▶ TASK INSTRUCTIONS: Leave out the pictures and repeat exactly the lines from the one containing "house of quirk blue cosmetic travel pouch" through the final line of the listing below.

▶ DATA BELOW:

*** Begin section ***

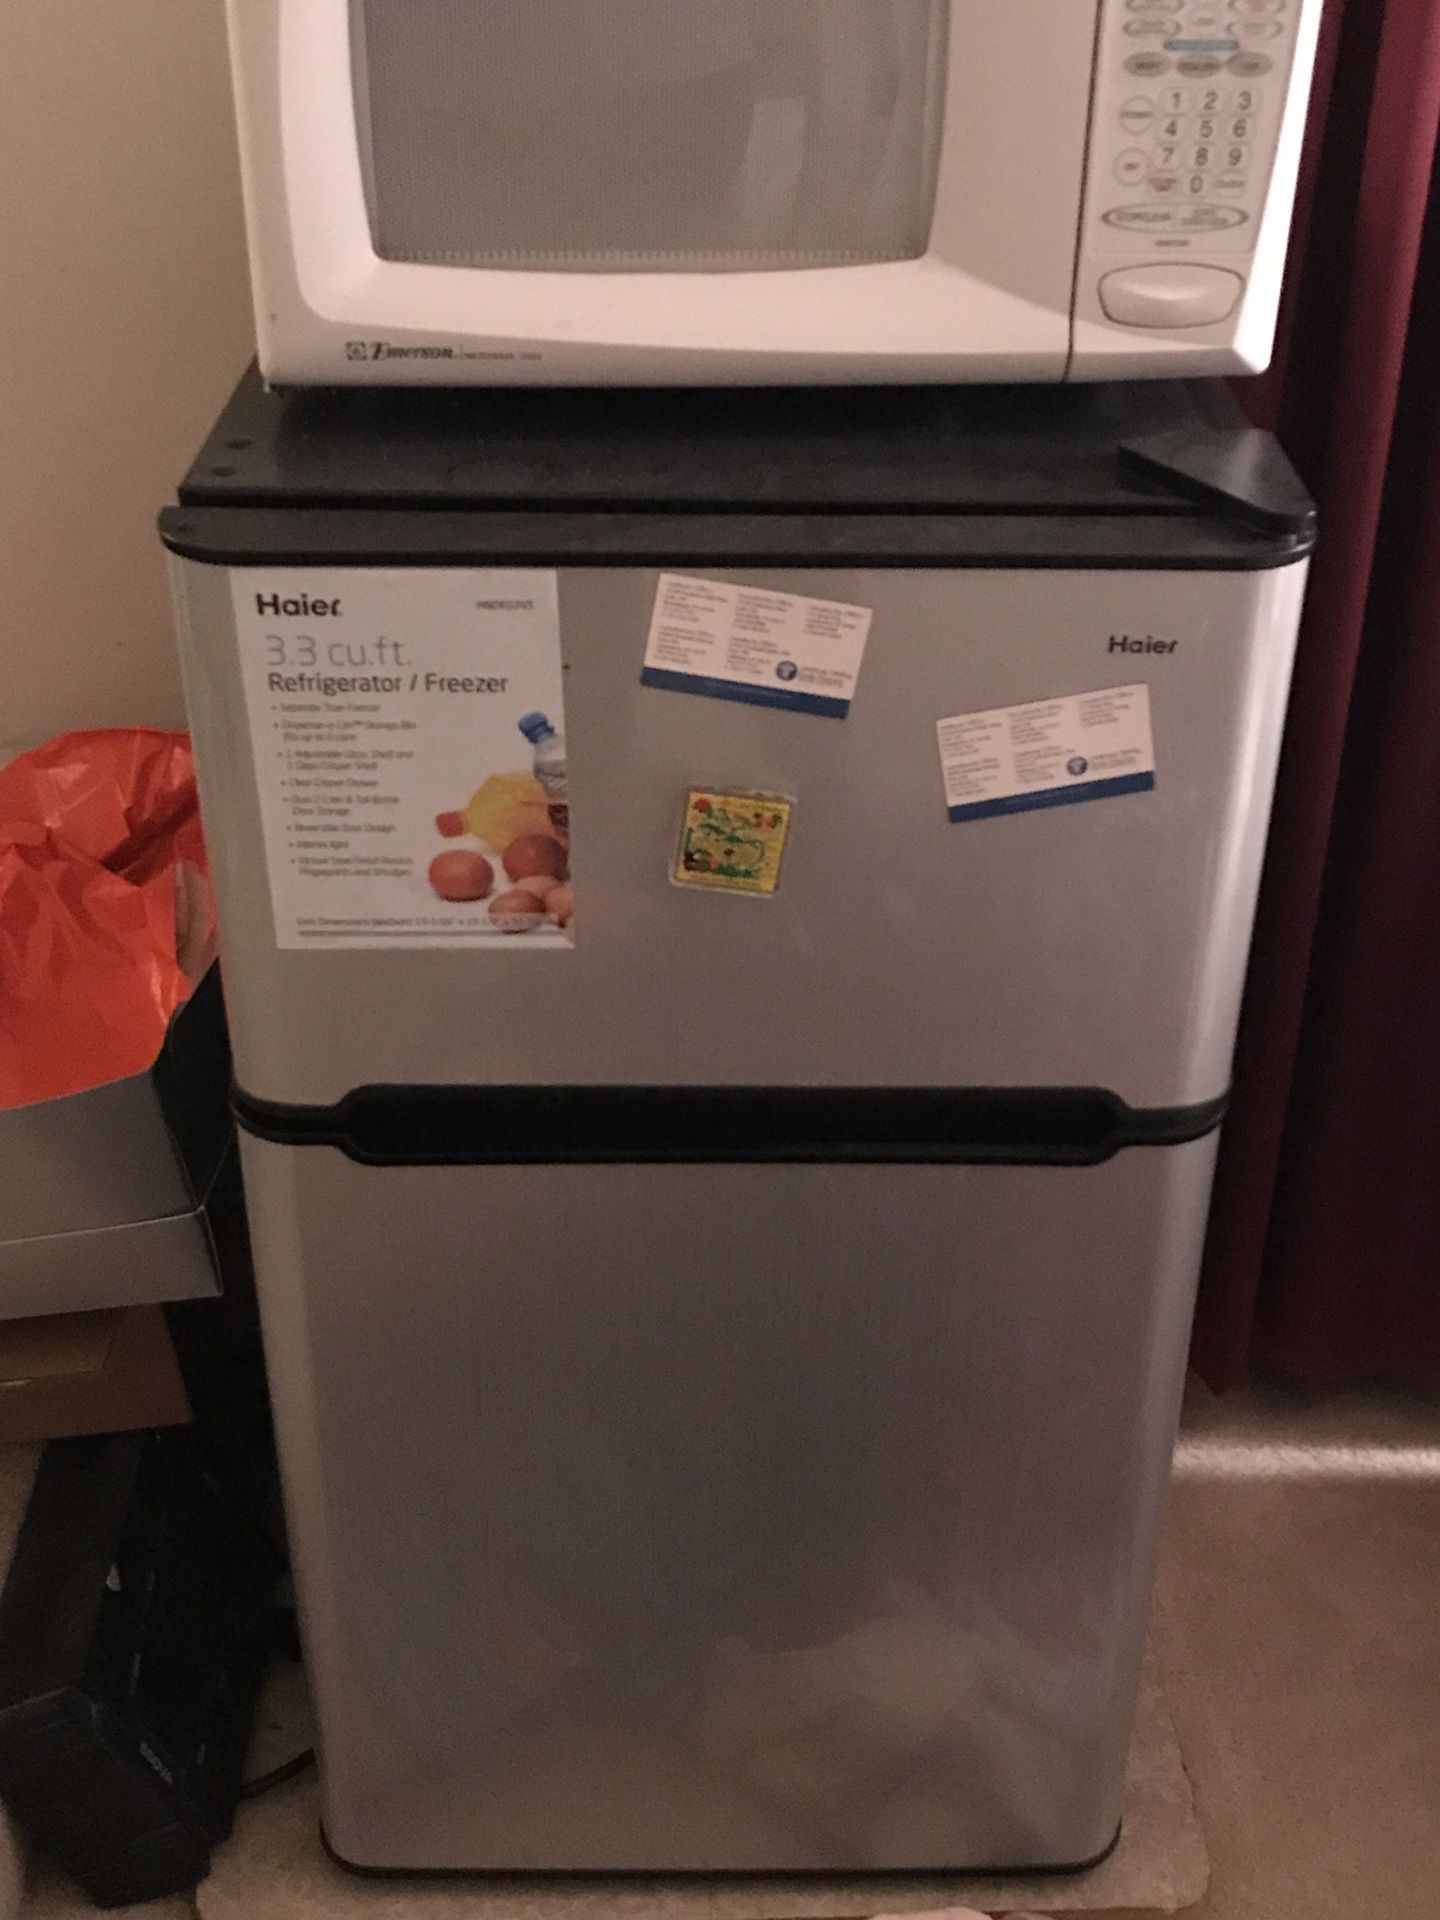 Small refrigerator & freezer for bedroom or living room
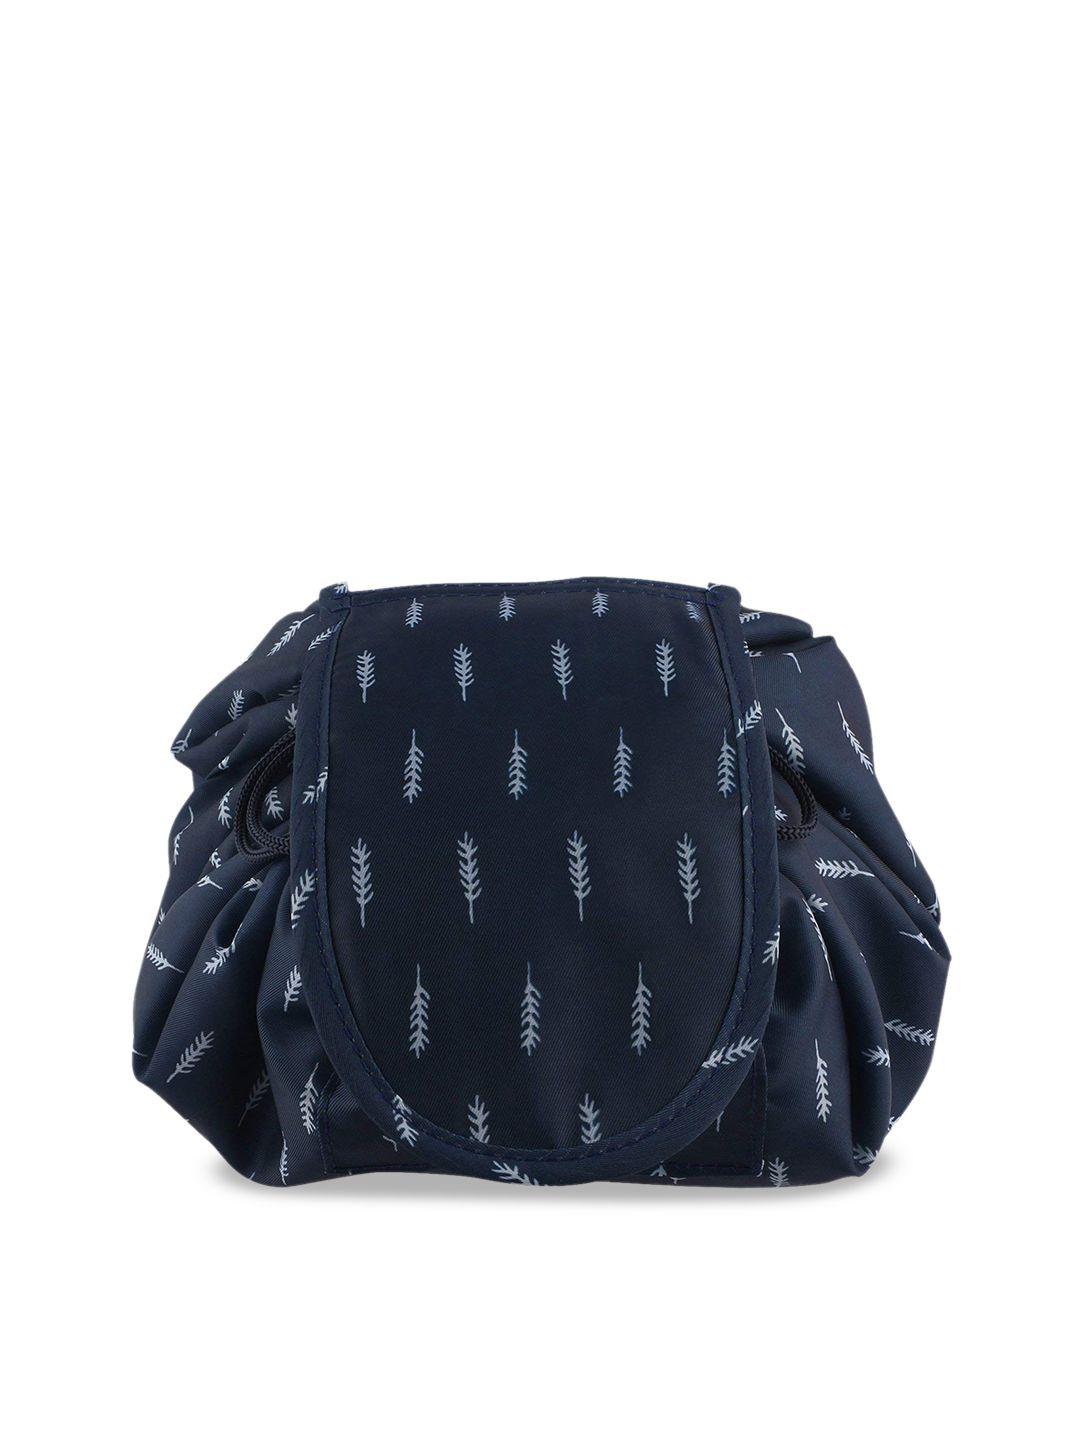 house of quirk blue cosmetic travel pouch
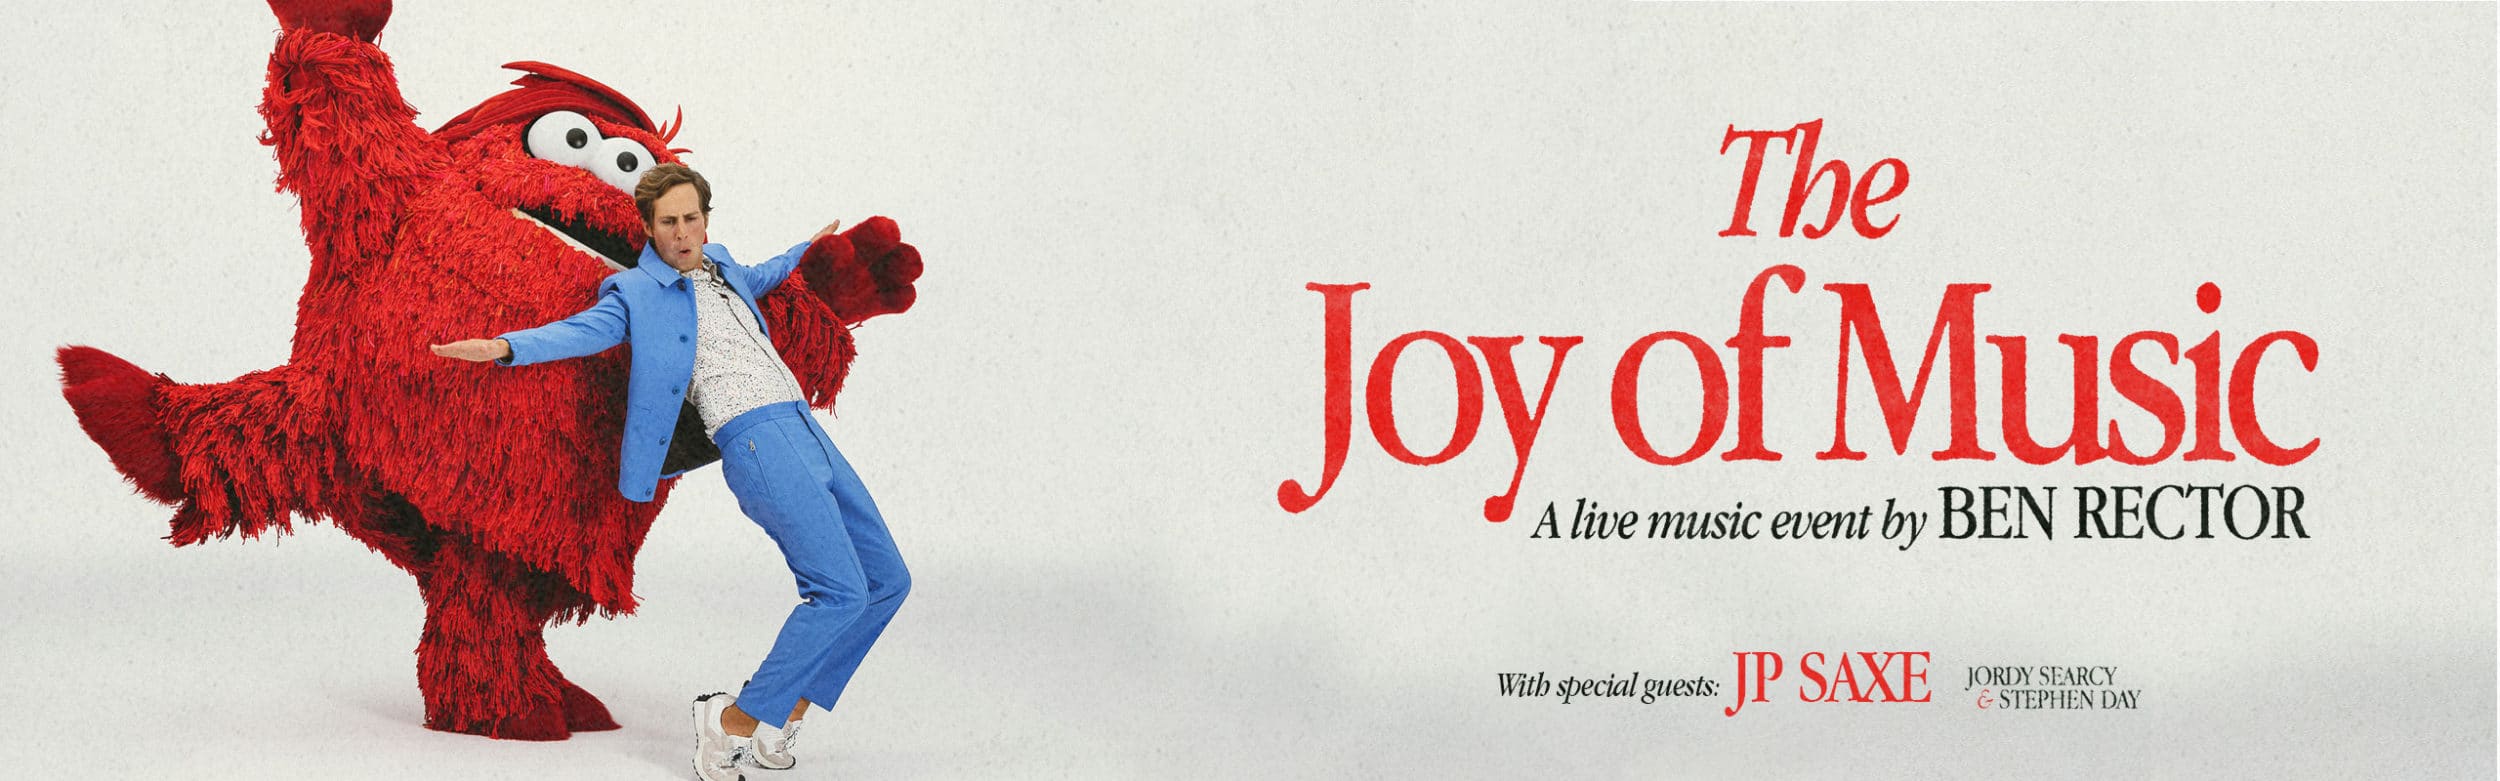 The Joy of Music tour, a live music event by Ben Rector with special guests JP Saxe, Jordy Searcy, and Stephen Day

*** End section ***

▶ TASK RESULT:
 house of quirk blue cosmetic travel pouch
 The Joy of Music tour, a live music event by Ben Rector with special guests JP Saxe, Jordy Searcy, and Stephen Day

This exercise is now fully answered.